Your AI agent is like a brilliant intern with amnesia. Every morning
you re-explain the project. Every afternoon it re-introduces the bug
you fixed yesterday. It smiles and nods and produces confidently wrong
output. Fluent, agreeable, and fundamentally untrustworthy.

**Loses continuity.** Today's session suggests the exact bandaid you
rejected yesterday.

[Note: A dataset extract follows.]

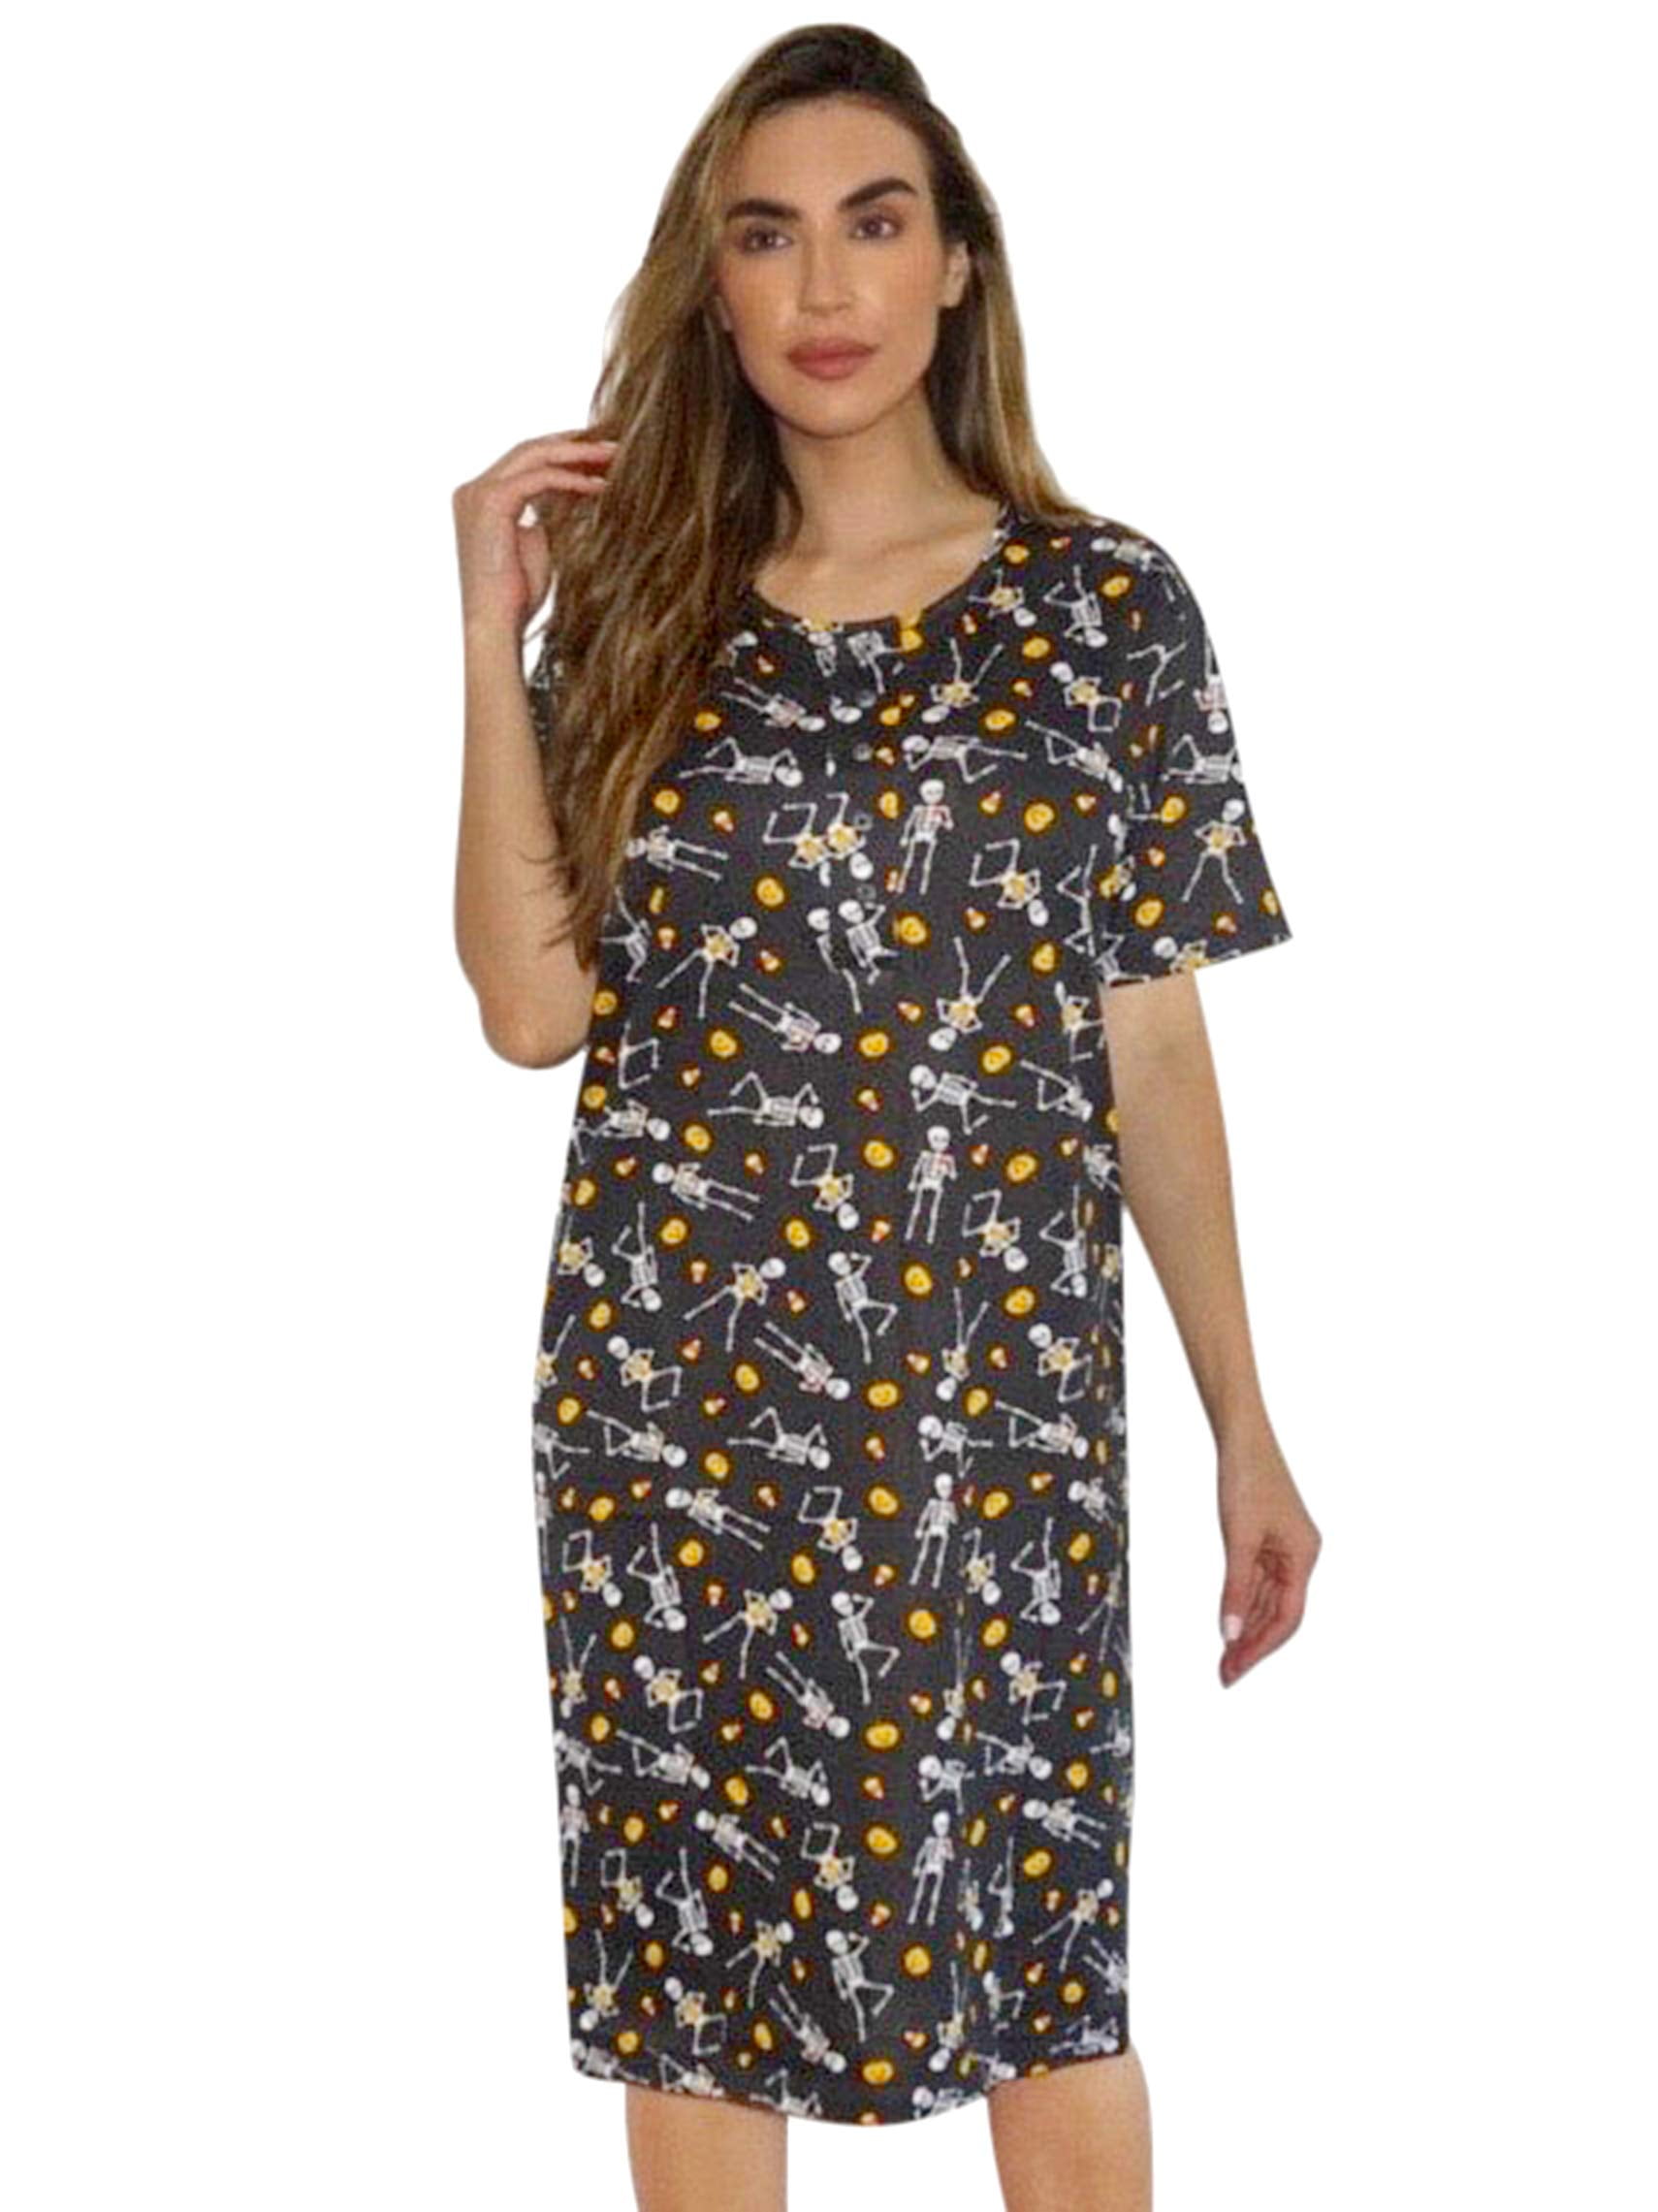 Just Love Short Sleeve Nightgown Sleep Dress For Women 4360 10018 Gry 1x Black Skeleton

Yesterday doesn't exist.

**Hits the wall.** `/compact` and `/clear` evaporate the specifics —
rejected approaches, causal chains, small invariants that took ten
messages to earn.

**Confabulates with conviction.** When it forgets, it doesn't ask to
be reminded. It re-asserts the wrong approach with full confidence,
and *you're* the one who has to catch it every time.

One root cause: **agents only have working memory.** The context
window *is* the memory. When a turn falls out, it's gone — and the
agent carries on unaware, filling the gap with plausible defaults.
You can't guardrail a system that doesn't own its own beliefs.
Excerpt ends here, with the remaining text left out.